Communication with Spark controllers


Keywords
brewing, brewpi, brewblox, embedded, controller, spark, service
License
GPL-3.0
Install
pip install brewblox-devcon-spark==0.5.3.dev273

Documentation

Build Status

Spark Service

The Spark service handles connectivity for the BrewPi Spark controller.

This includes USB/TCP communication with the controller, but also encoding, decoding, and broadcasting data.

Command Transformation

Features

SparkConduit (communication.py)

Direct communication with the Spark is handled here, for both USB and TCP connections. Data is not decoded or interpreted, but passed on to the SparkCommander.

Controlbox Protocol (commands.py)

The Spark communicates using the Controlbox protocol. A set of commands is defined to manage blocks on the controller.

In the commands module, this protocol of bits and bytes is encapsulated by Command classes. They are capable of converting a Python dict to a hexadecimal byte string, and vice versa.

SparkCommander (commander.py)

Serial communication is asynchronous: requests and responses are not linked at the transport layer.

SparkCommander is responsible for building and sending a command, and then matching it with a subsequently received response.

SimulationCommander (commander_sim.py)

For when using an actual Spark is inconvenient, there is a simulation version. It serves as a drop-in replacement for the real commander: it handles commands, and returns sensible values. Commands are encoded/decoded, to closely match the real situation.

Datastore (datastore.py)

The service must keep track of object metadata not directly persisted by the controller. This includes user-defined object names and descriptions.

Services are capable of interacting with a BrewPi Spark that has pre-existing blocks, but will be unable to display objects with a human-meaningful name.

Object metadata is persisted to files. This does not include object settings - these are the responsibility of the Spark itself.

Codec (codec.py)

While the controller <-> service communication uses the Controlbox protocol, individual objects are encoded separately, using Google's Protocol Buffers.
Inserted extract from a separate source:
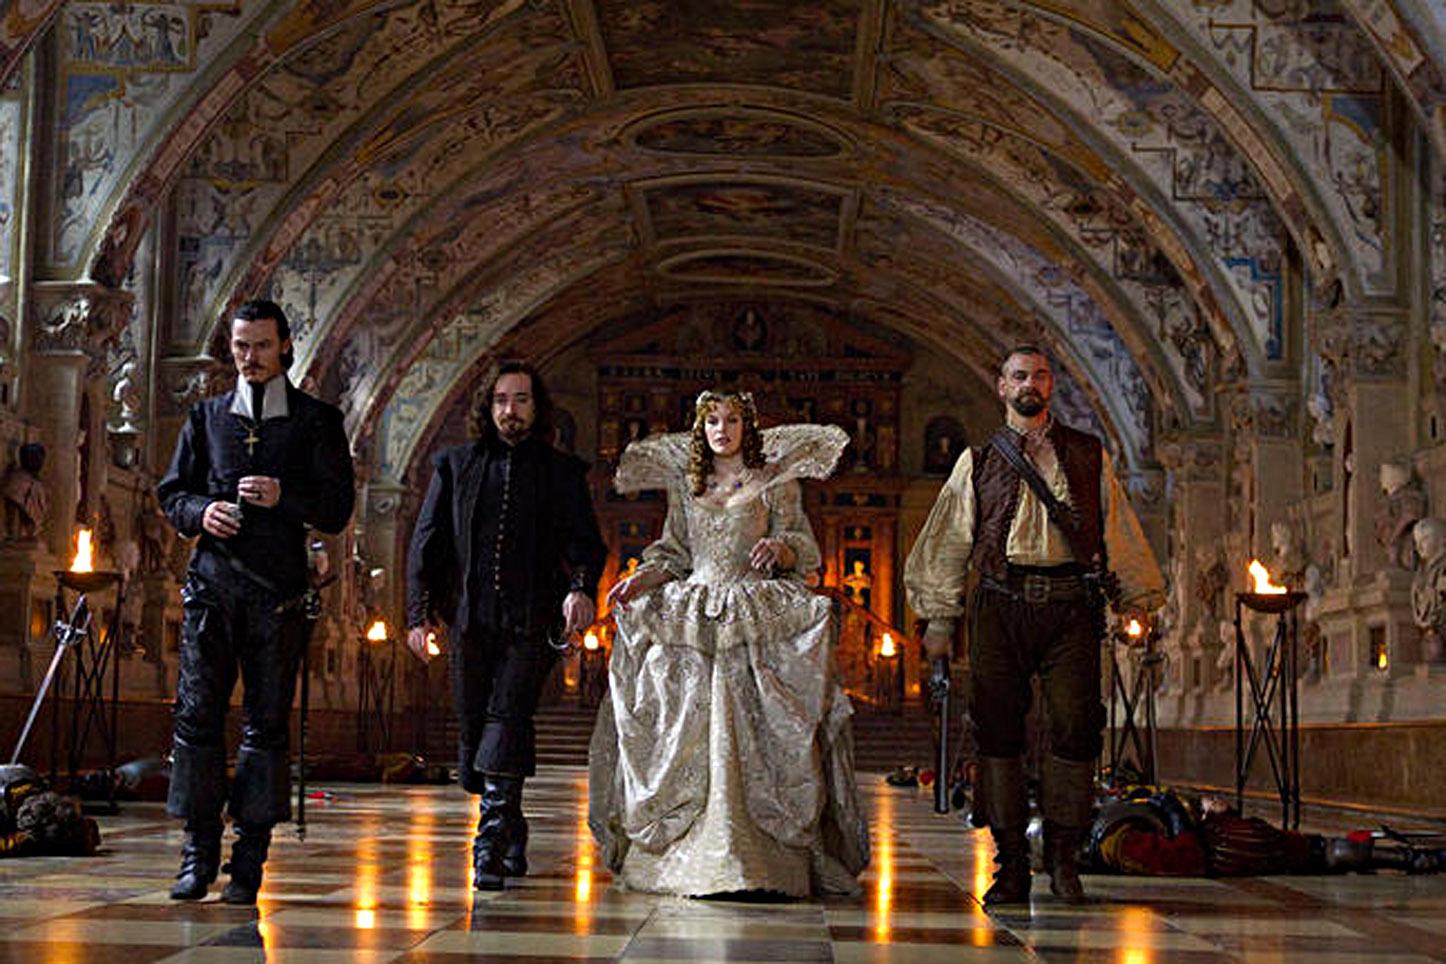 http://3.bp.blogspot.com/-REogYuXAZXs/Tm2gAHVNcTI/AAAAAAAABQ0/xcX9YtXkPpA/s1600/New+three+musketeers+2011+villains+Duke+of+Buckingham+orlando+bloom+Milady+de+Winter+Milla+Jovovich+Cardinal+Richelieu+Christoph+Waltz.jpg

The codec is responsible for converting JSON-serializable dicts to byte arrays, and vice versa. A specific transcoder is defined for each object.

For this reason, the object payload in Controlbox consists of two parts: a numerical object_type ID, and the object_data bytes.

SparkController (device.py)

SparkController combines the functionality of commands, commander, datastore, and codec to allow interaction with the Spark using Pythonic functions.

Any command is modified both incoming and outgoing: ID's are converted using the datastore, data is sent to codec, and everything is wrapped in the correct command before it is sent to SparkCommander.

Broadcaster (broadcaster.py)

The Spark service is not responsible for retaining any object data. Any requests are encoded and forwarded to the Spark.

To reduce the impact of this bottleneck, and to persist historic data, Broadcaster reads all objects every few seconds, and broadcasts their values to the eventbus.

Here, the data will likely be picked up by the History Service.

Seeder (seeder.py)

Some actions are required when connecting to a (new) Spark controller. The Seeder feature waits for a connection to be made, and then performs these one-time tasks.

Examples are:

  • Setting Spark system clock
  • Reading controller-specific data from the remote datastore

REST API

ObjectApi (object_api.py)

Offers full CRUD (Create, Read, Update, Delete) functionality for Spark objects.

SystemApi (system_api.py)

System objects are distinct from normal objects in that they can't be created or deleted by the user.

RemoteApi (remote_api.py)

Occasionally, it is desirable for multiple Sparks to work in concert. One might be connected to a temperature sensor, while the other controls a heater.

Remote blocks allow synchronization between master and slave blocks.

In the sensor/heater example, the Spark with the heater would be configured to have a dummy sensor object linked to the heater.

Instead of directly reading a sensor, this dummy object is updated by the service whenever it receives an update from the master object (the real sensor).

AliasApi (alias_api.py)

All objects can have user-defined names. The AliasAPI allows users to set or change those names.